Put yourself in the position and think about what you’re seeing. That verbal message about the Oreos will be completely overridden by the angry guy stabbing his finger at you. The takeaway is he’s pissed as hell and is right on the edge of going physical with it. He could be shouting nonsense. “MAN! WOMAN! PERSON! TV! CAMERA!” and it wouldn’t matter one bit because the part you’re going to focus on is whether or not it’s a good idea to just drop that fool right then and there before things get out of hand.

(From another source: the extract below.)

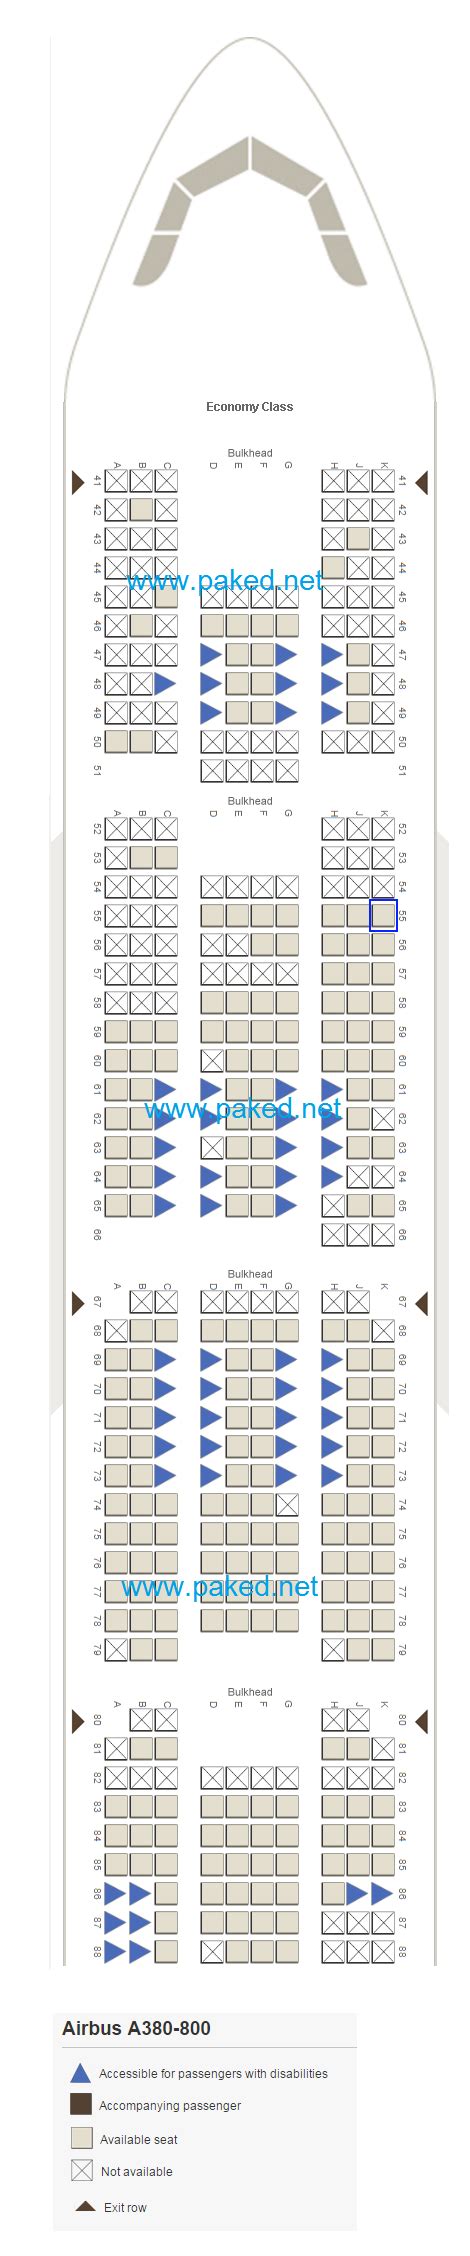 Emirates Seat Map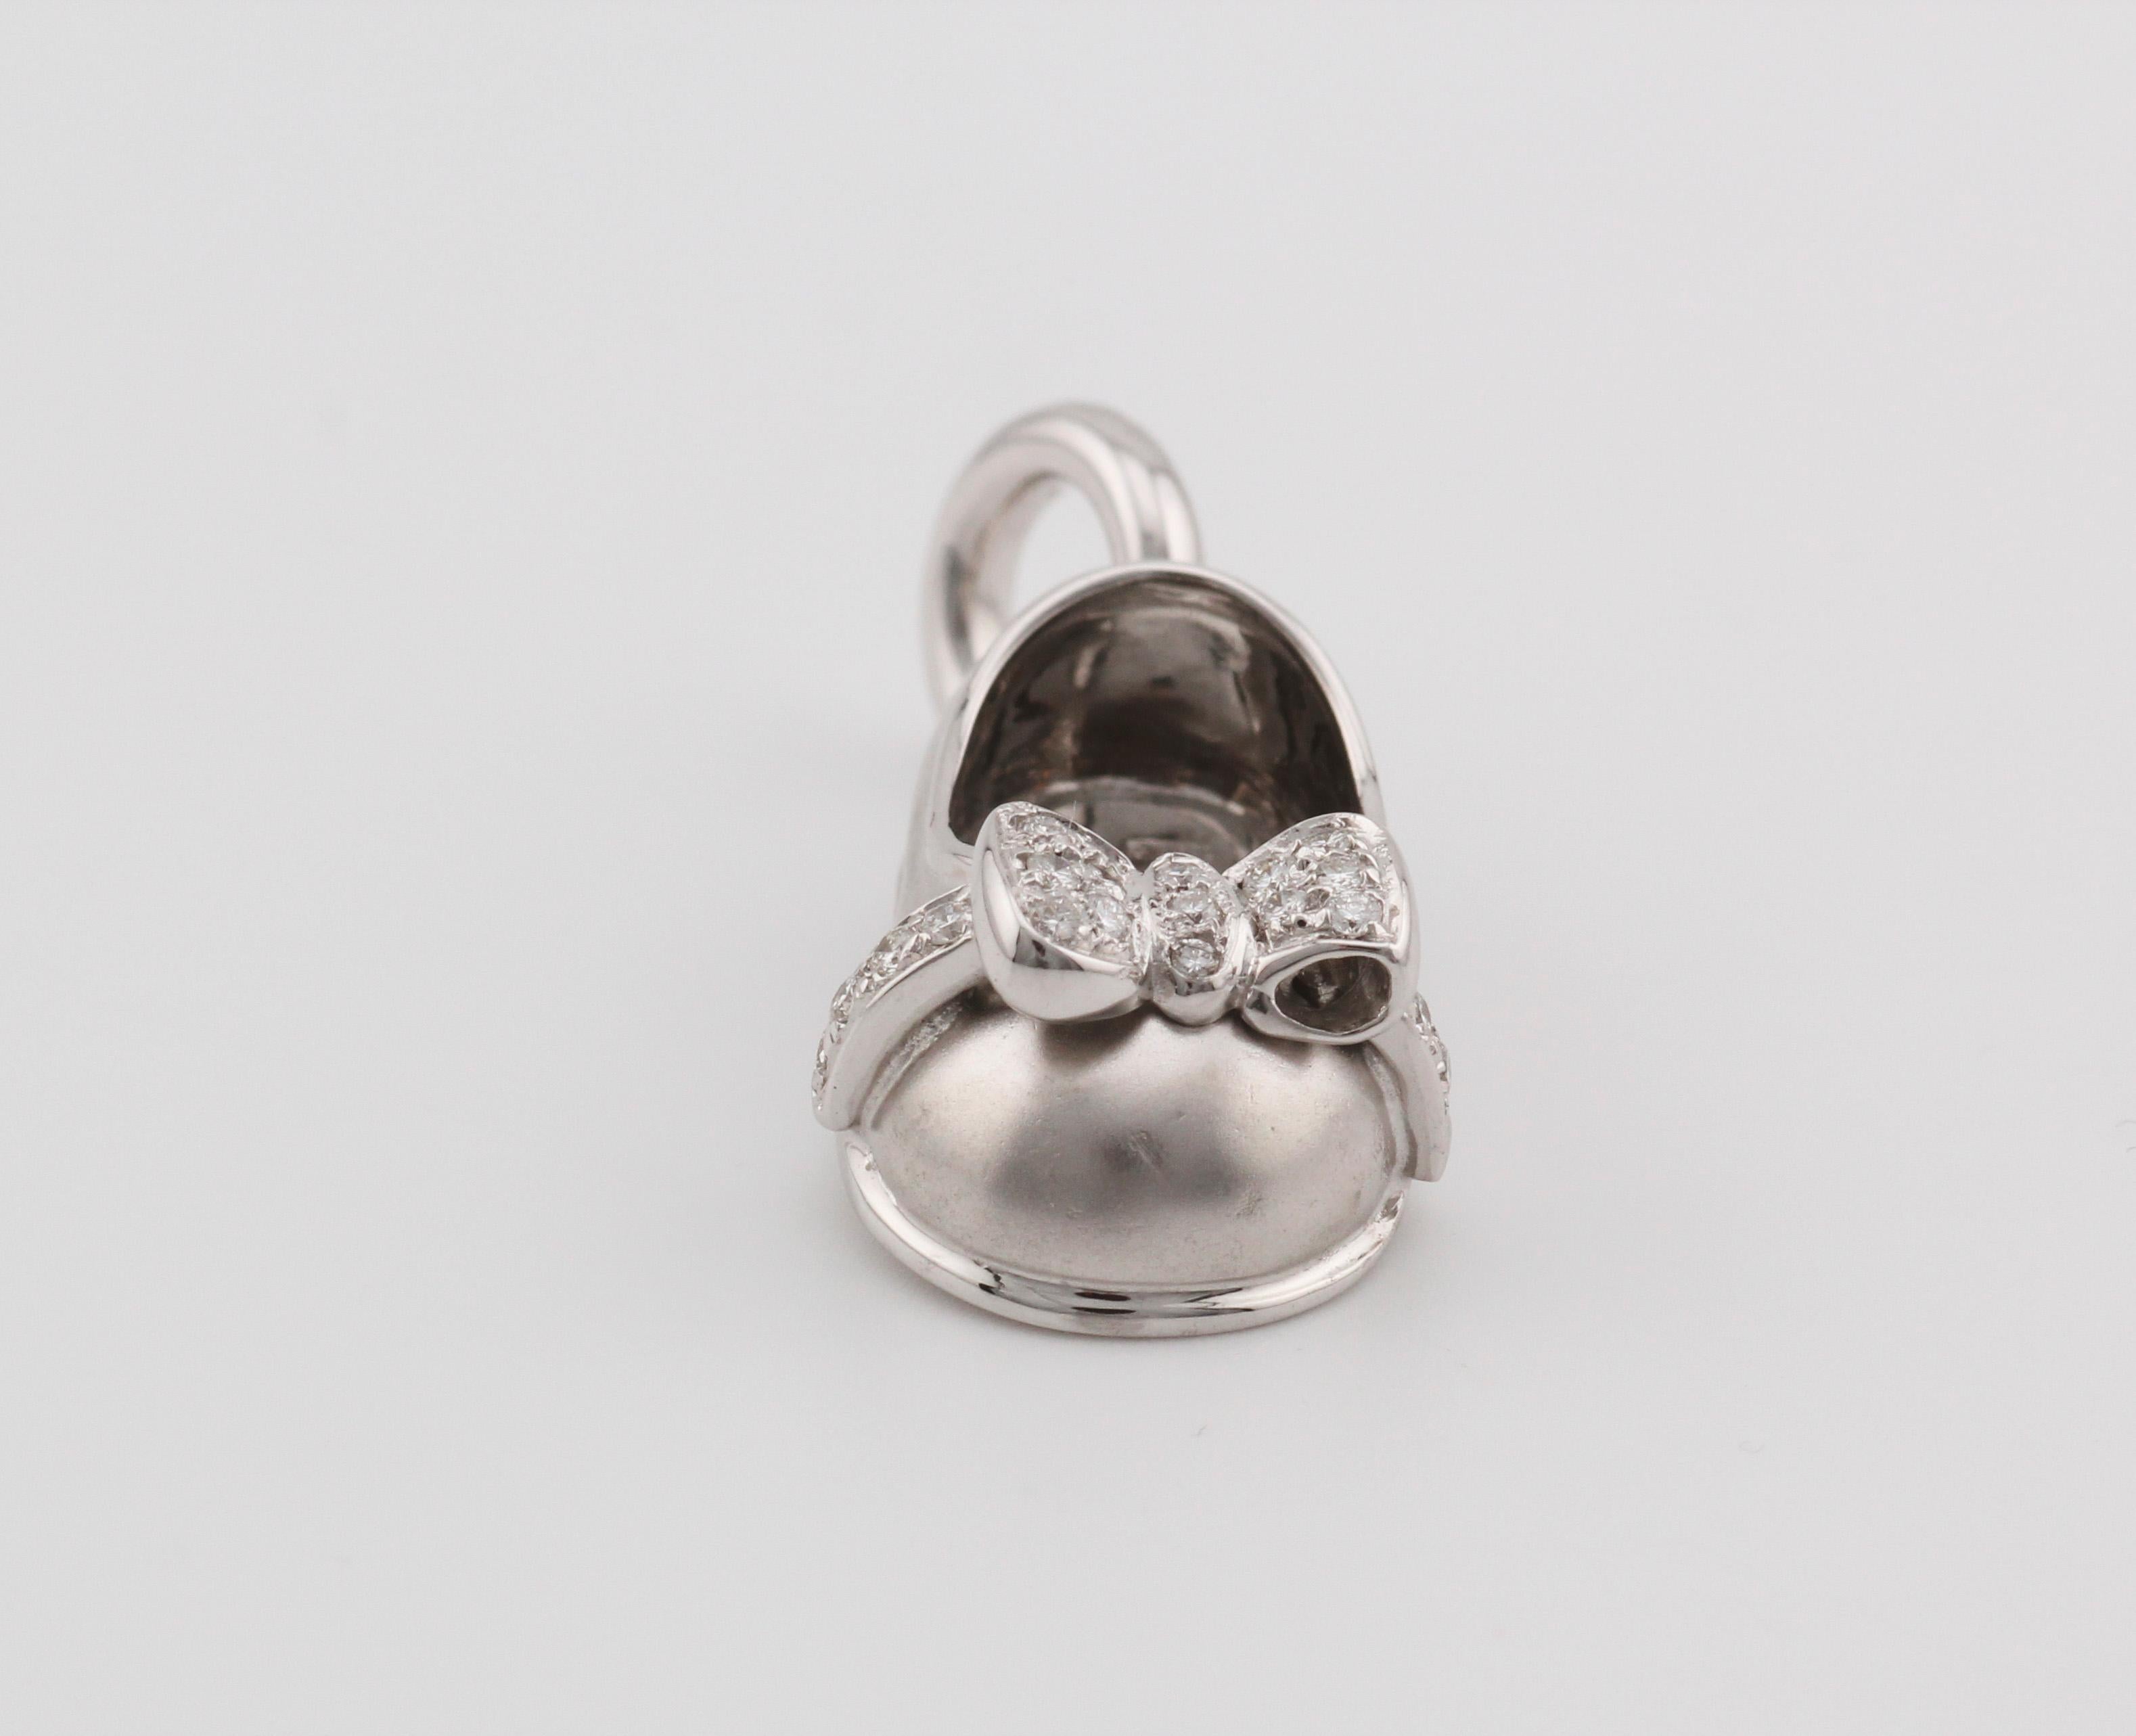 Aaron Basha Diamond 18K White Gold Baby Girl Shoe with Diamond Bow Charm Pendant For Sale 2

Nonverbal communication is the ultimate representation of that age-old writing adage of “show, don’t tell” because no one is going to shout “I’m very angry right now” without getting laughed at. And, let’s face it, stating the obvious is major boring shit. For instance:

  • “I agree with you! Fried Oreos are great!” he shouted angrily.
  • He was angry. “I agree with you! Fried Oreos are great!”

Booorrring.

But let’s toss our good buddy nonverbal communication into the mix:

Jacob’s finger shook inches away from my nose. His eyes, beady under the best of circumstances, twitched and pirouetted above his beet-red face. Sunlight danced on the flecks of spittle erupting from his mouth. “I agree with you! Fried Oreos are great!”

The takeaway? Never once mentioned anger or rage, but it’s obvious from the context. Jacob agrees with me, but he hates himself for it. And let me just say, self-loathing is an apt feeling after a couple of deep-fried Oreos.

Nonverbal cues aren’t rocket surgery to write. Some things – cadence, for instance – can be tough to put into words, but describing what an angry person or lust-filled Medusa or even nervous people who’ve been tapped to have sex with lust-filled Medusas is easy. Watch people for a while. Next time you’re in a conversation pay close, conscious attention to what their body is doing while they talk to you. Some people have grandiose hand gestures that come out when they’re excited. Others scrunch into a little ball and mumble when called on in Zoom meetings. Some people pound tables, others click ballpoint pens frantically. Everyone has a tick, all you have to do is remember it and apply it to a character.

Or you could just, you know, state the obvious, he said, sad that no one paid attention.

Comments, as always, are welcome and appreciated. Especially if they come with fried Oreos. Narrator Voice: Please do not send fried Oreos.